The results are promising for patients who don't have regular or convenient access to headache specialists.

In order to compare patient satisfaction with telemedicine and its effects on headache burden, diagnosis and treatment compliance, and follow-up consultations, Kai I. Muller, of The Arctic University of Norway, and colleagues randomized 402 patient clinic consultations to either telemedicine or traditional visits over a 2.5 year period.

Data at baseline were compared to data from a 3-month follow-up questionnaire, which queried “satisfaction with the consultation; headache status; subjective improvement, average pain intensity, treatment, headache days per month, and Headache Impact Test (HIT-6); and treatment compliance and follow-up visits.”

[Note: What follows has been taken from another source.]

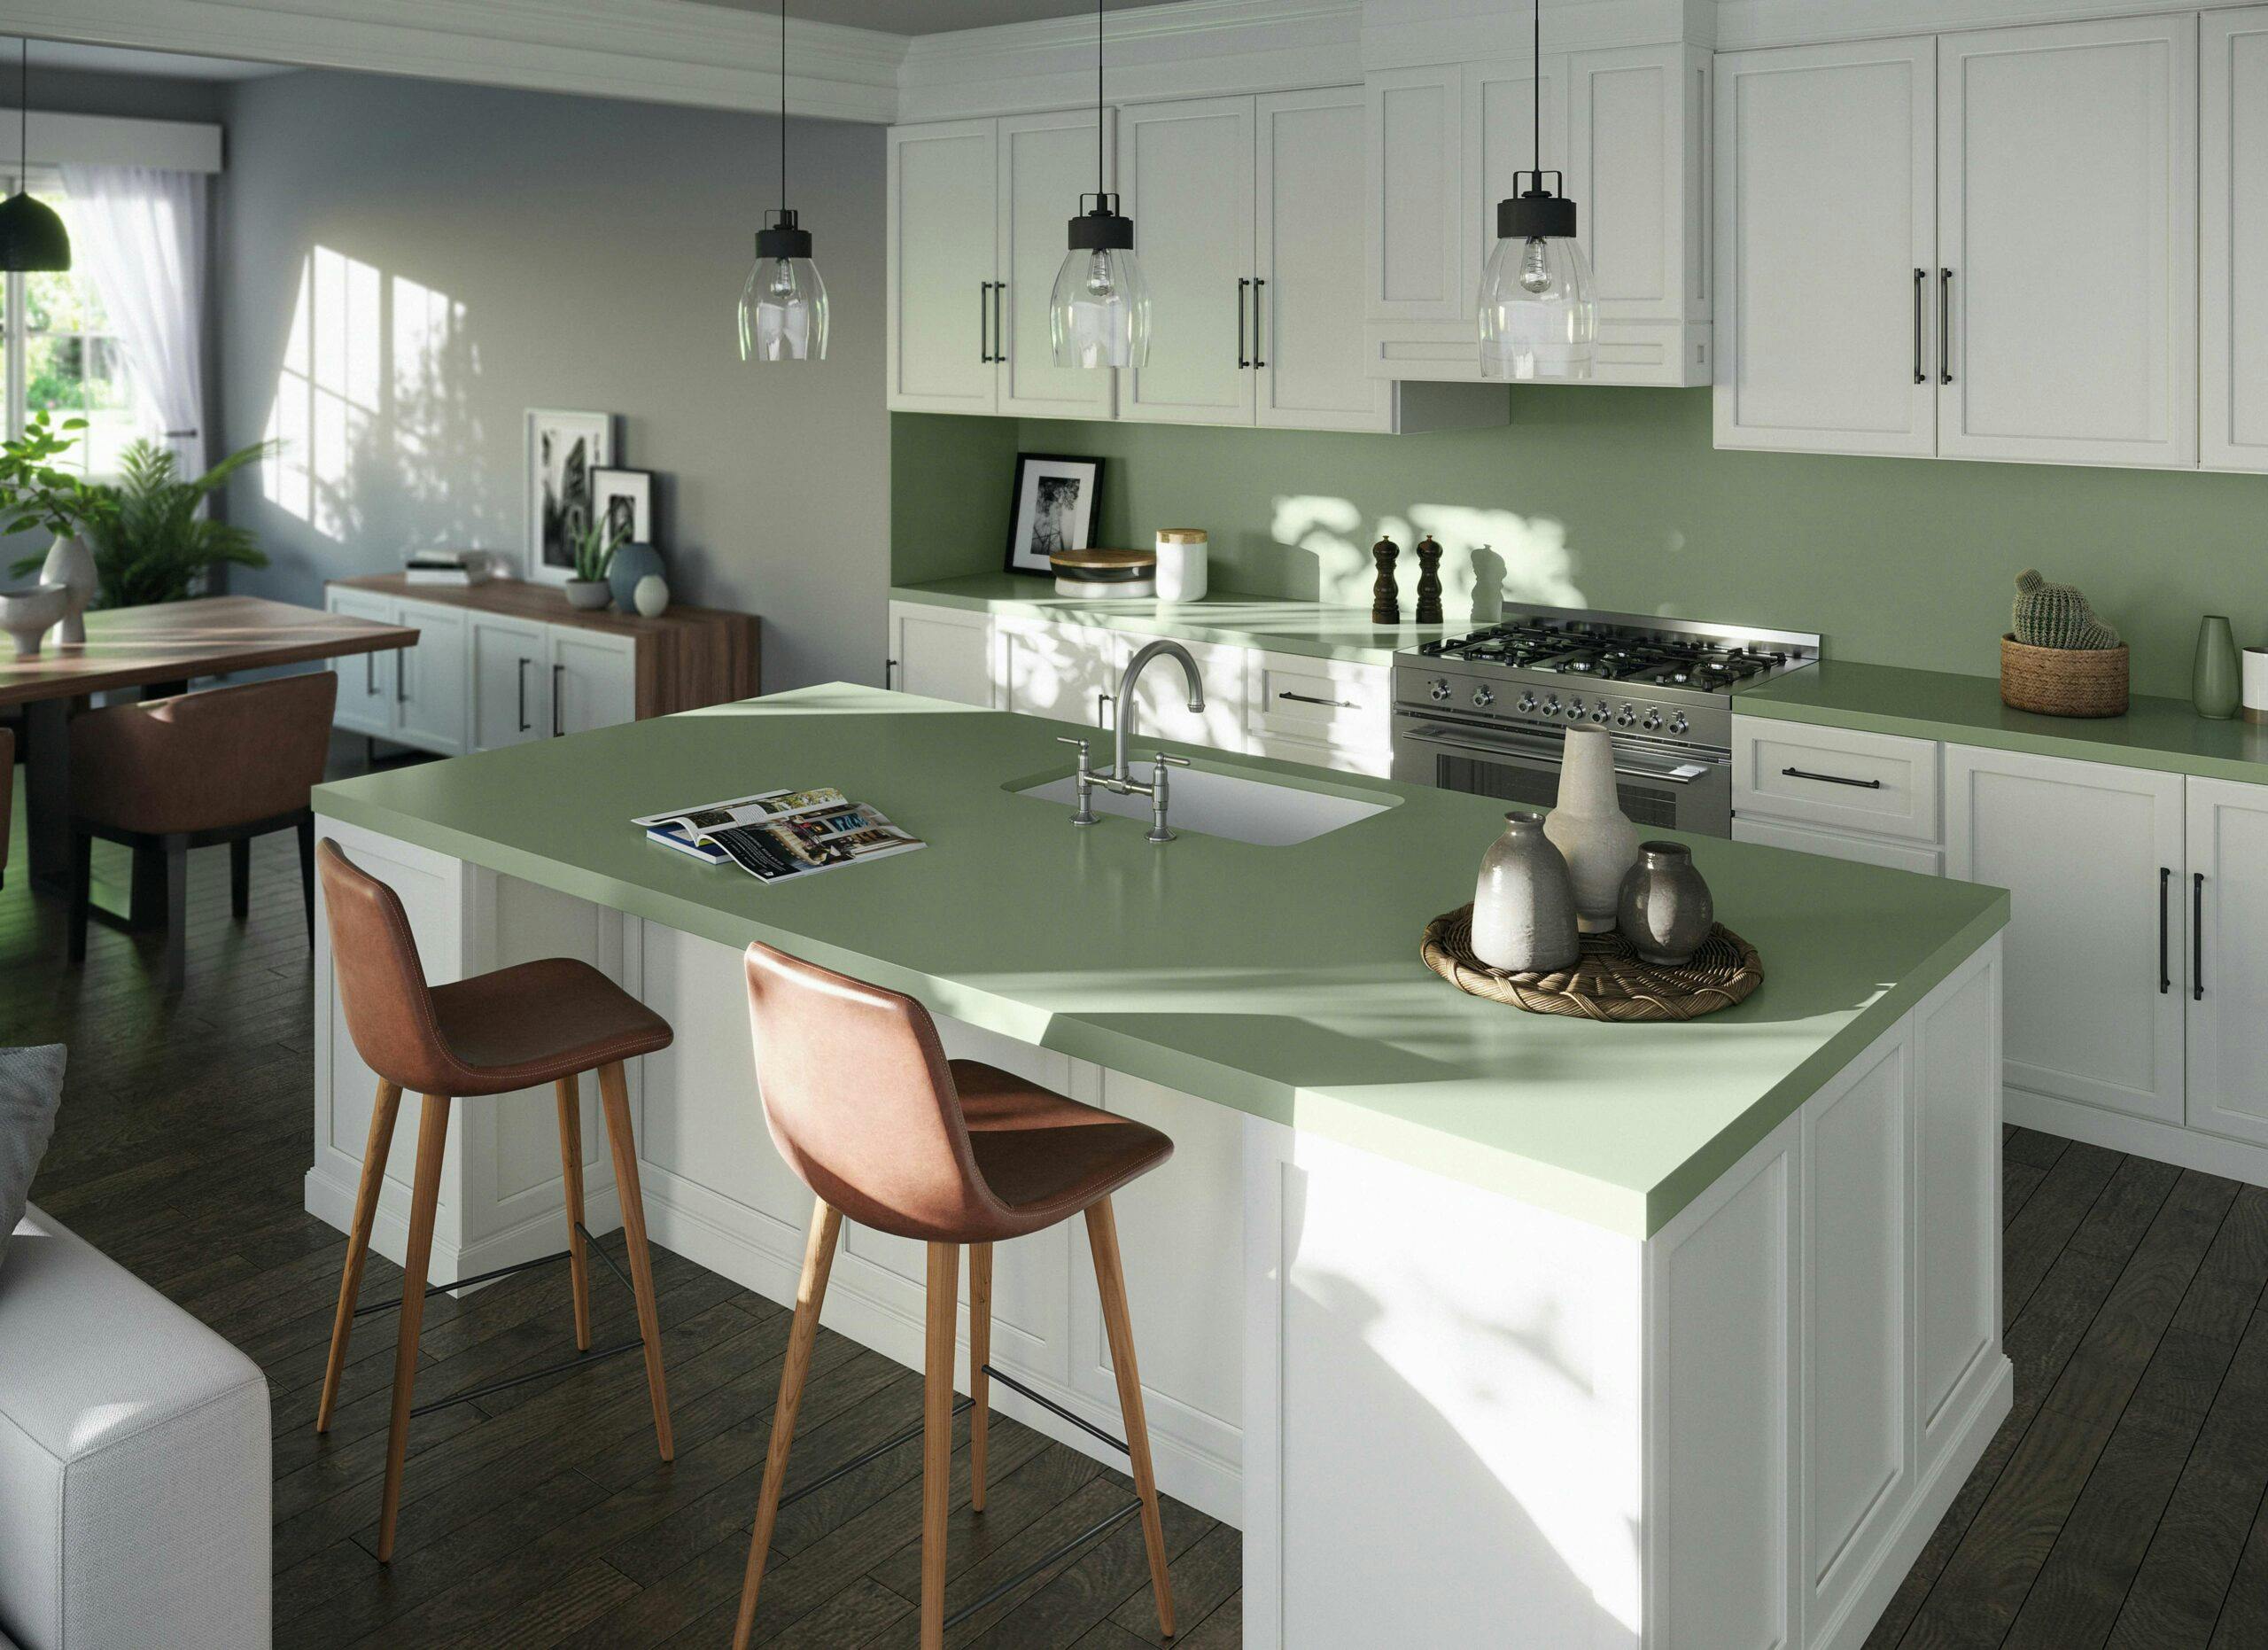 Image of Silestone Sunlit Days Posidonia Green kitchen scaled in Cosentino’nun Silestone Posidonia Yeşili Evlere Dinlendirici Hava Katıyor - Cosentino

Of the 402 patient consultations conducted over the study period, 348 (86.6%) completed the follow-up questionnaire. The researchers found that patient satisfaction was similar across both the telemedicine and traditional consultation groups (88.8% vs 92.3%; P= .35). Measures of improvement of health status were equal across both groups, and there was no difference in treatment compliance, although rural patients assigned to the telemedicine group did have less frequent headache visits at 3 months (28.9% vs 48.7%, P= .002).

The researchers concluded that telemedicine in non-inferior to traditional consultations with a headache specialist regarding patient satisfaction, evaluation, and treatment of non-acute headache.

Reference

Muller KI, Alstadhaug KB, Bekklelund SI. Telemedicine in the management of non-acute headaches: A prospective, open-labelled non-inferiority, randomised clinical trial. Cephalalgia. 2016; doi: 10.1177/0333102416654885.